In the absence of actual content...
Preferred sexual styles: Partner Engagement and Role Enactment -- Romantic Relational and Emotional, Dramatic Exuberant and Lustful
What's your sexual style? Take the sexual style quiz for yourself!


"Your sexual style is predominantly Partner Engagement. For you, sex is about union with the beloved Other. It is a loving communion with your partner by which you tear down the walls of existential isolation and truly touch, if only for a moment, another human spirit. Sex, for you, is expressive; it is a sharing of your feelings as well as of your body. For you, virtuosic techniques of love making don't hold a candle to heart-felt fumblings.

You expect sex to be a dance of mutual pleasuring, a vehicle by which both partners express their affection for one another. For you, the concept of "loving" is a union of both feeling and deed.

Romance is a major theme in eroticism for you. You expect sex to be romantic, full of kisses, caressing, and eye contact. When you talk during sex, it's romantic endearments. Your fantasies typically involve such things as valentines, love songs, a partner's face, the idea of union and the theme of rebirth.

Your criterion of good sex is that which causes a loving union with your partner. You expect your partner to act loving to you in sex and to be willing to join with you.

Your experience of orgasm is a flowing loss of self in a merger with your partner.

The meaning you make of sex is
a celebration of life. You see in sex a rejoicing in being alive and a rejoicing in your partner. Sex makes you feel connected deeply to your partner."


"Your sexual style is predominantly Role Enactment. For you, sex is an adventure or a drama; it's about the passion, the exhilaration, the thrill. Sex, for you, is a natural extension of your playful, exuberant zest for life. You are inventive, spontaneous, and occasionally reckless, and take quite a bit of pride in your prowess in the bedroom... and the living room, the kitchen, the back seat of cars, elevators, rooftops, airplane lavatories.

You expect sex to be lusty, wild, dramatic, and, above all, ever changing. You hunger for variety and novelty. You have an exhibitionist streak. You tend to be very active in sex -- no tantric meditations for you -- and keep up a steady stream of talk, both exhortations to your partner and "dirty talk". You are a connoisseur of sexual skills and techniques, especially around oral sex and intercourse.

Your sexual fantasies are scripted for novelty, drama, and exhibition. They tend to be narrative, concerning who does what next. Your fantasies run wild; you like to push the edge simply because it's the edge. The fact something is daring or extreme is a turn on for you. You love a sexual challenge.

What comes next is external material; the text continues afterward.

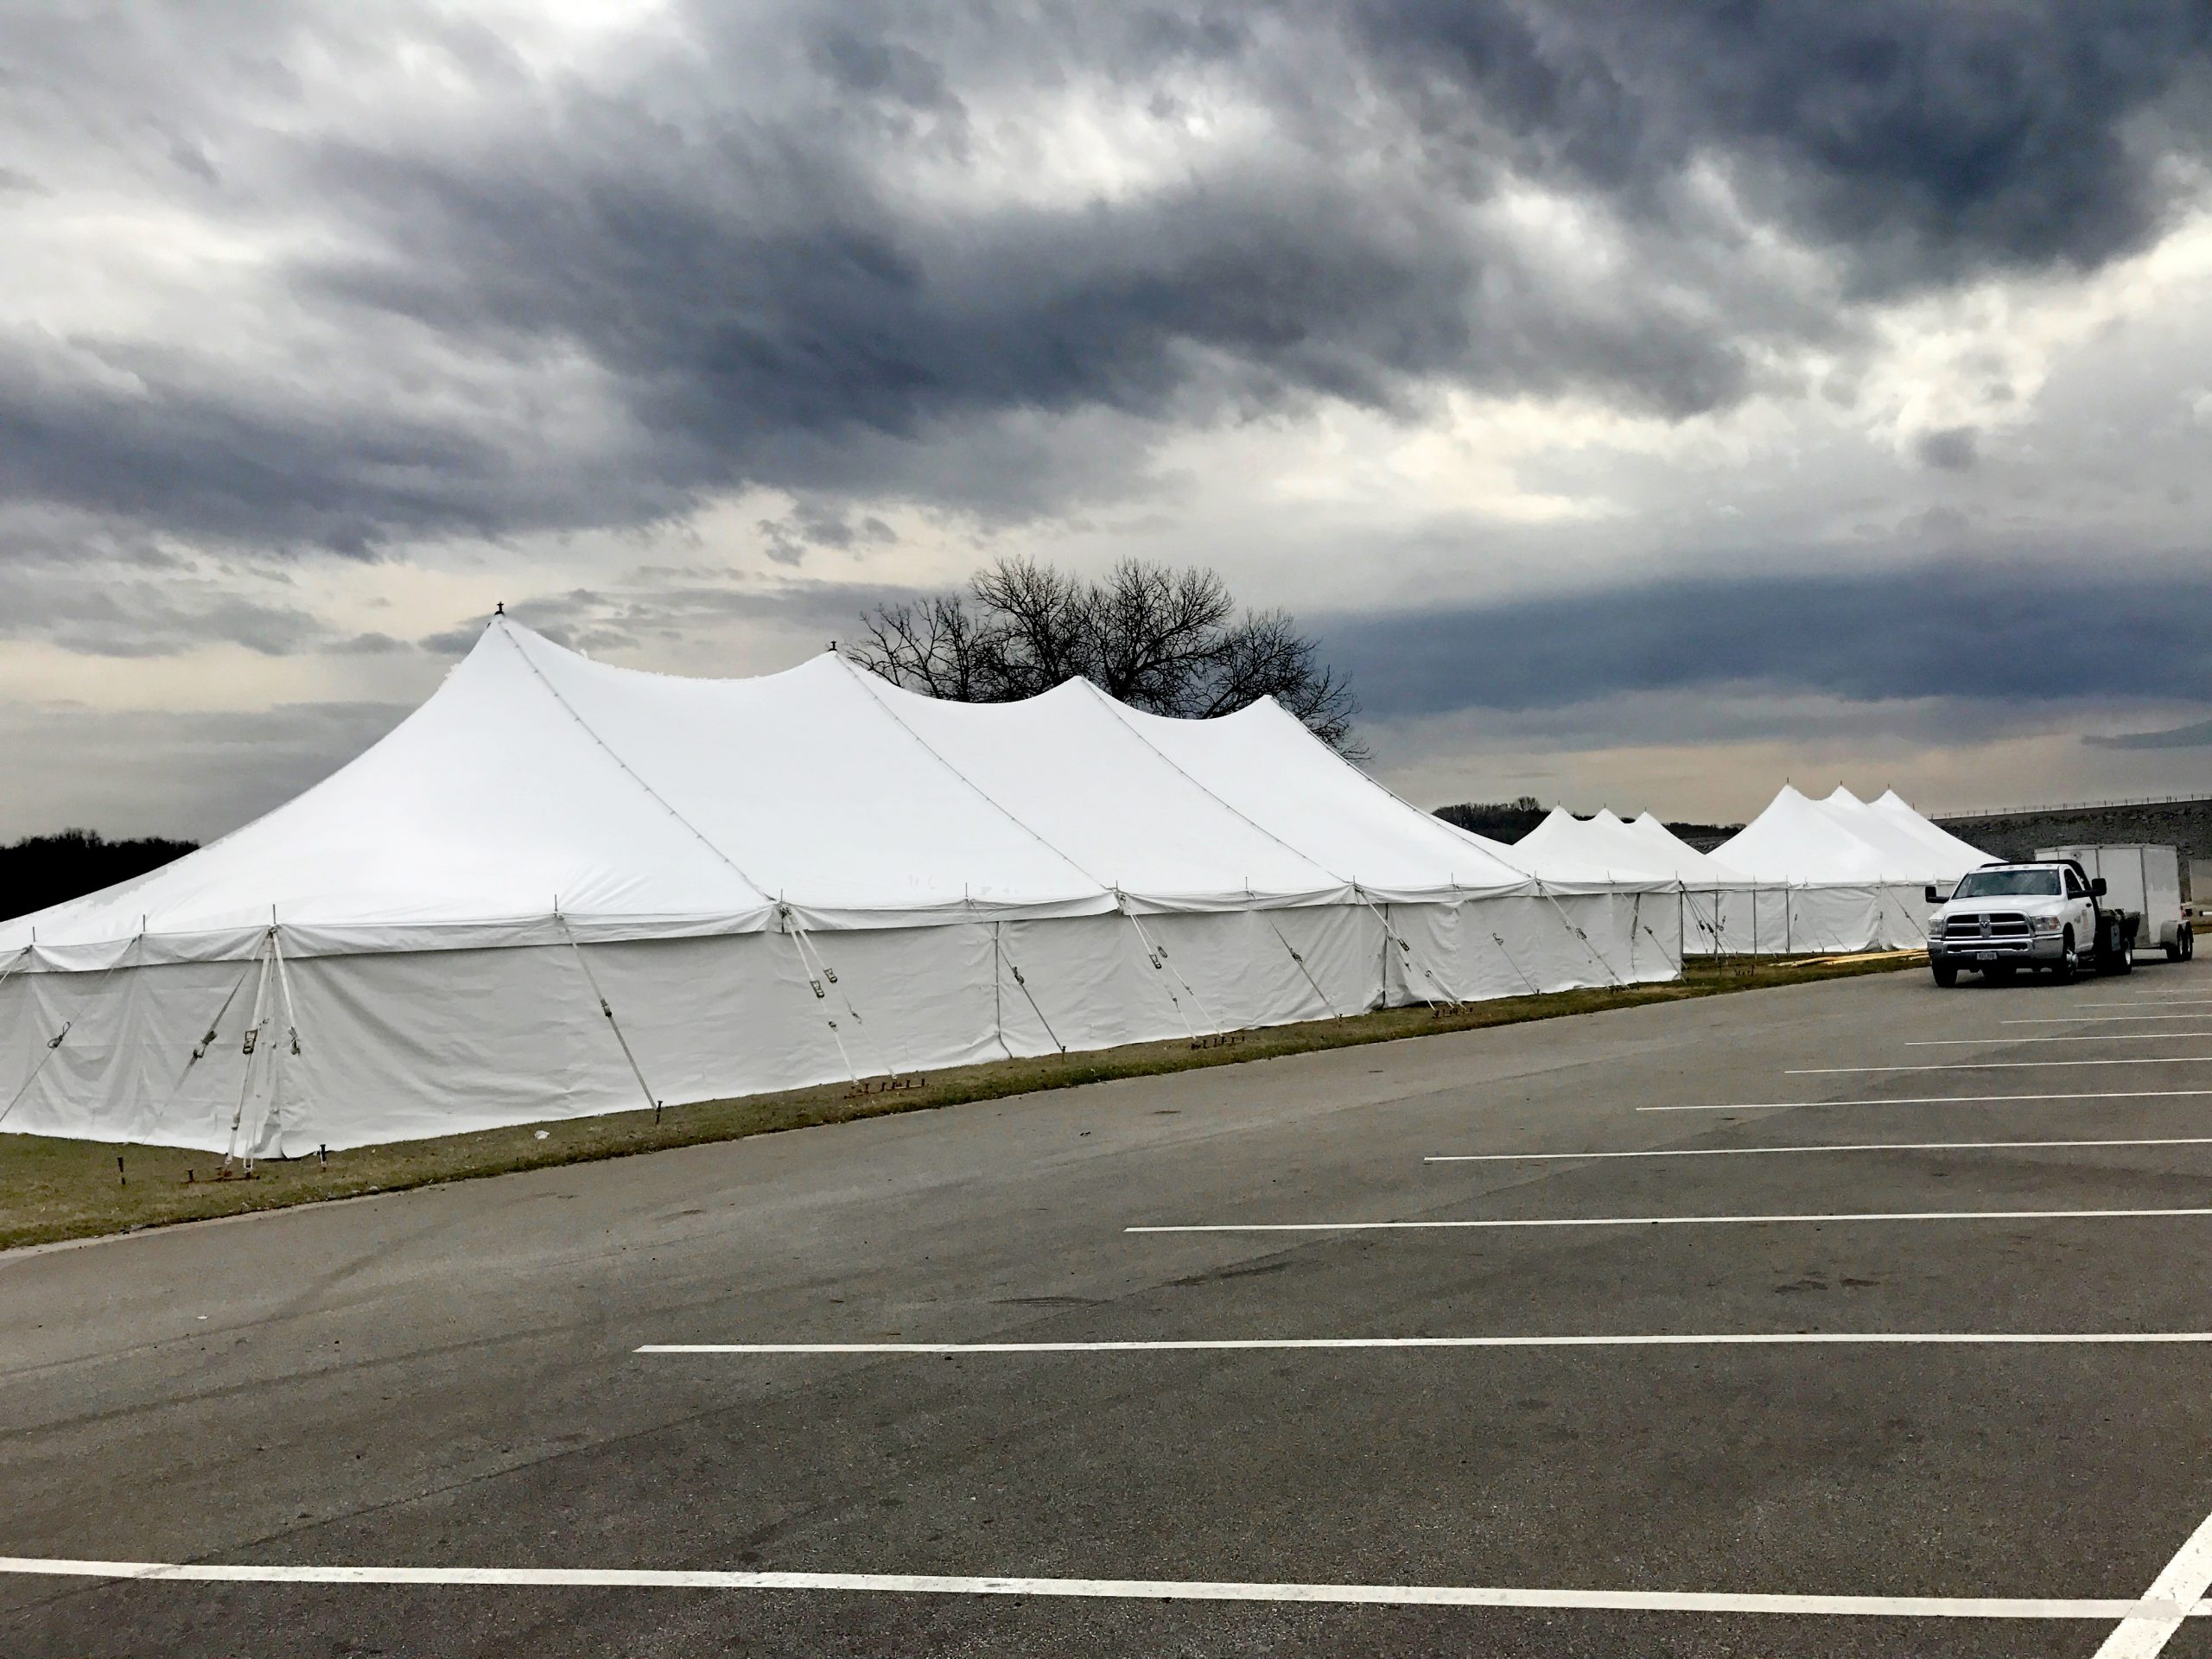 40' x 100' Elite rope and pole tent (left), 20' x 40' rope and pole tent (middle), 30' x 60' rope and pole tent (right) for Special Olympics Polar Plunge 2017

Your criterion of good sex is that which completely overcomes you with passion and lust. You crave the sense that you were swept away and even had no self-control in the face of your desire. You expect your partner to work with you, to coordinate and cooperate with you in bringing this about, and to reciprocate your energy and enthusiasm, to meet your passion with his or her own.

Your experience of orgasm is pretty theatrical and comes with the sense that it over takes you, non-volitionally: that you can't help it but give in to it.

The meaning you make of sex is that of fulfilling an archetypal role. It makes you feel like a real man or woman. It plays out a timeless drama larger than yourself."



Why I often have a problem with most quizzes is that it's all so black and white. I will admit to bodging the results on this one slightly after my first run through gave me just Partner Engagement. While I think that's perfectly accurate and realistic, I'd say I have a 50/50 split going with Role Enactment, when I'm in a relationship that allows me equal freedom to express both sides of my need, such as my time with Kali. Most of my relationships have lent themselves more towards Partner Engagement.

With so few questions, it's very easy to get one over the other based on a single answer, so I wasn't worried about messing about to lead things in the direction I wanted.

All said, I really like the write-up for the first one. Puts into words a lot of what I feel much of the time.

Write up on the second I find more clumsy and less accurate in terms of wording.